Yes, that's how I would think about it.

Brad Thomas

Analyst · KeyBanc. Your line is now open

Okay, great. Thanks for getting me back in and congratulations again on a great quarter here.

David Callen

Management

Yes, thanks Brad.

Shelly Ibach

President and CEO

Thanks, Brad.

Operator

Operator

We have one more follow-up question from Bobby Griffin from Raymond James. Your line is now open.

Bobby Griffin

Analyst · Raymond James. Your line is now open

Yes, thanks for letting me jump back in the queue. David, have you noticed any change in composition of mattress units when you open up a new store in the market. And is there a rough estimate that you can maybe give us to help us think about how store growth is actually working against in cannibalizing units and why total units is probably the better metric to look at?

David Callen

Management

Yes Bobby that is an ongoing dynamic with this business. And with the acceleration of store growth Shelly mentioned that we opened 61 new stores in the last 12 months; that's 69% more than we had the prior 12 months.
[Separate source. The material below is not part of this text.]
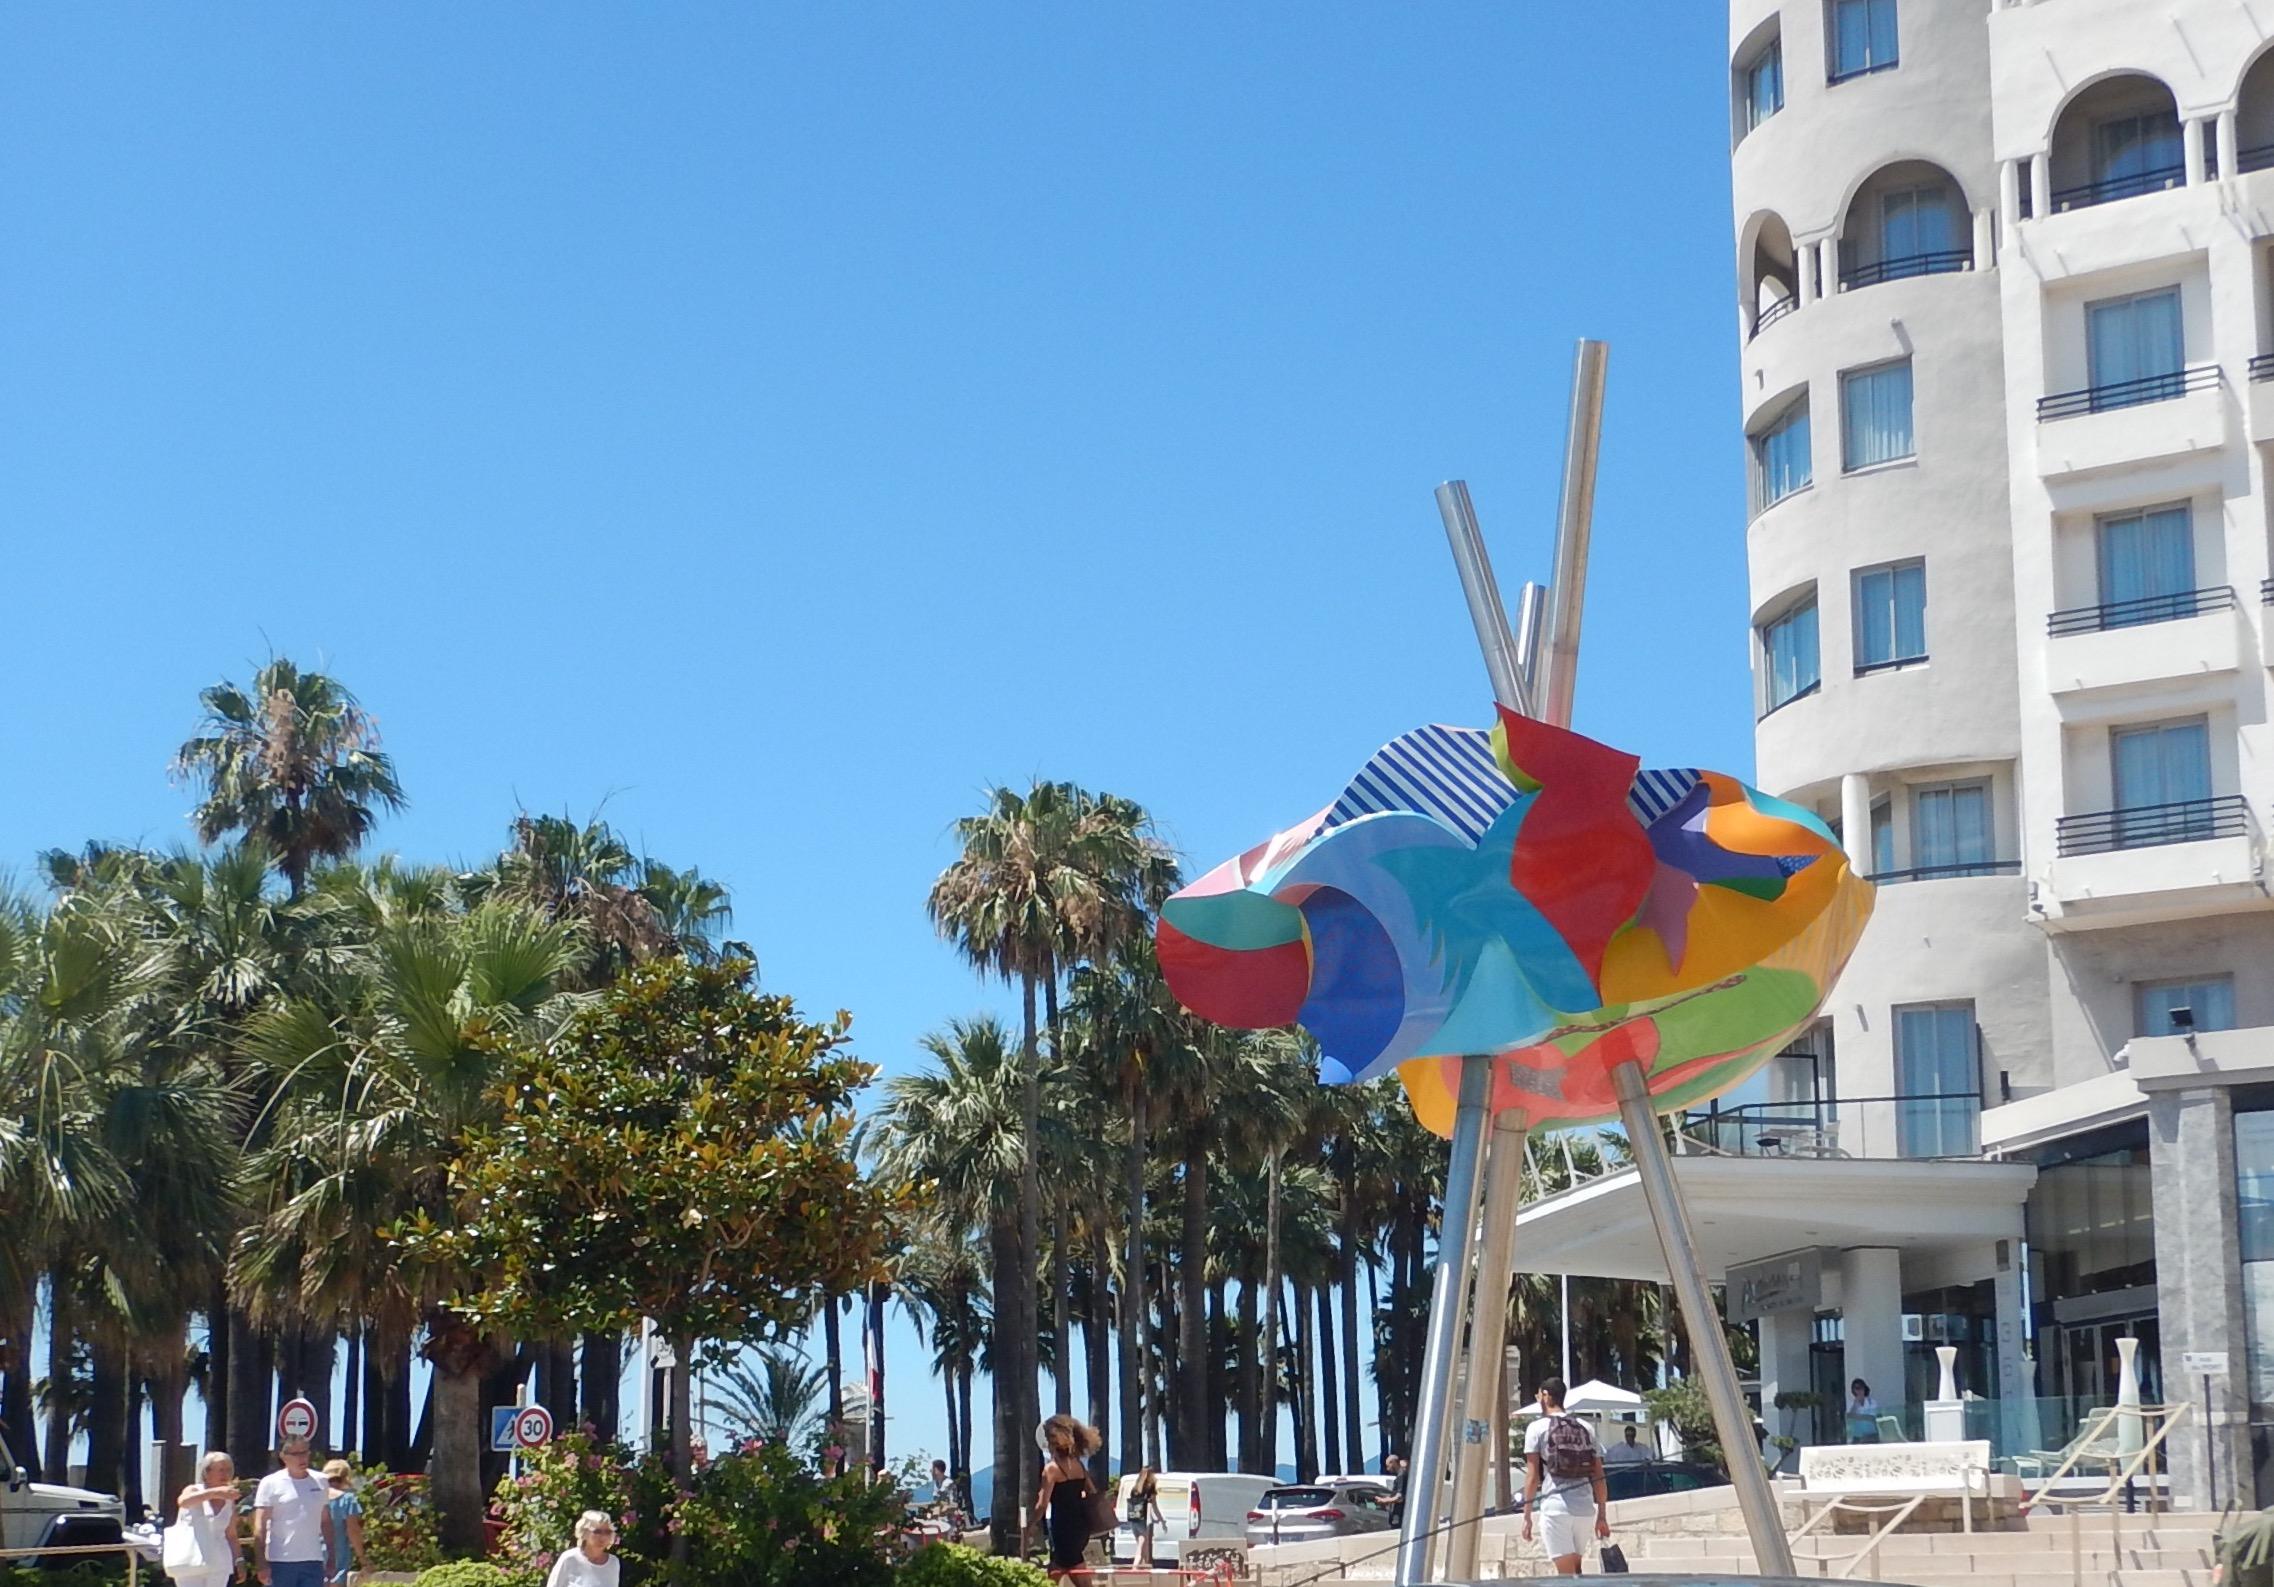 Cannes sculpture

So, the amount of cannibalization is meaningful. And we generally see about 20% cannibalization overall and that you can assume that's dollars and units.

Bobby Griffin

Analyst · Raymond James. Your line is now open

Okay, I appreciate that detail. And thanks again for letting me jump back in here real quickly.

David Callen

Management

Absolutely, thanks.

Operator

Operator

I would now like to turn the call back over to the company for closing comments.

David Callen

Management

Thank you, for joining us today. We look forward to discussing our third quarter 2019 performance with you in October; sleep well and dream big!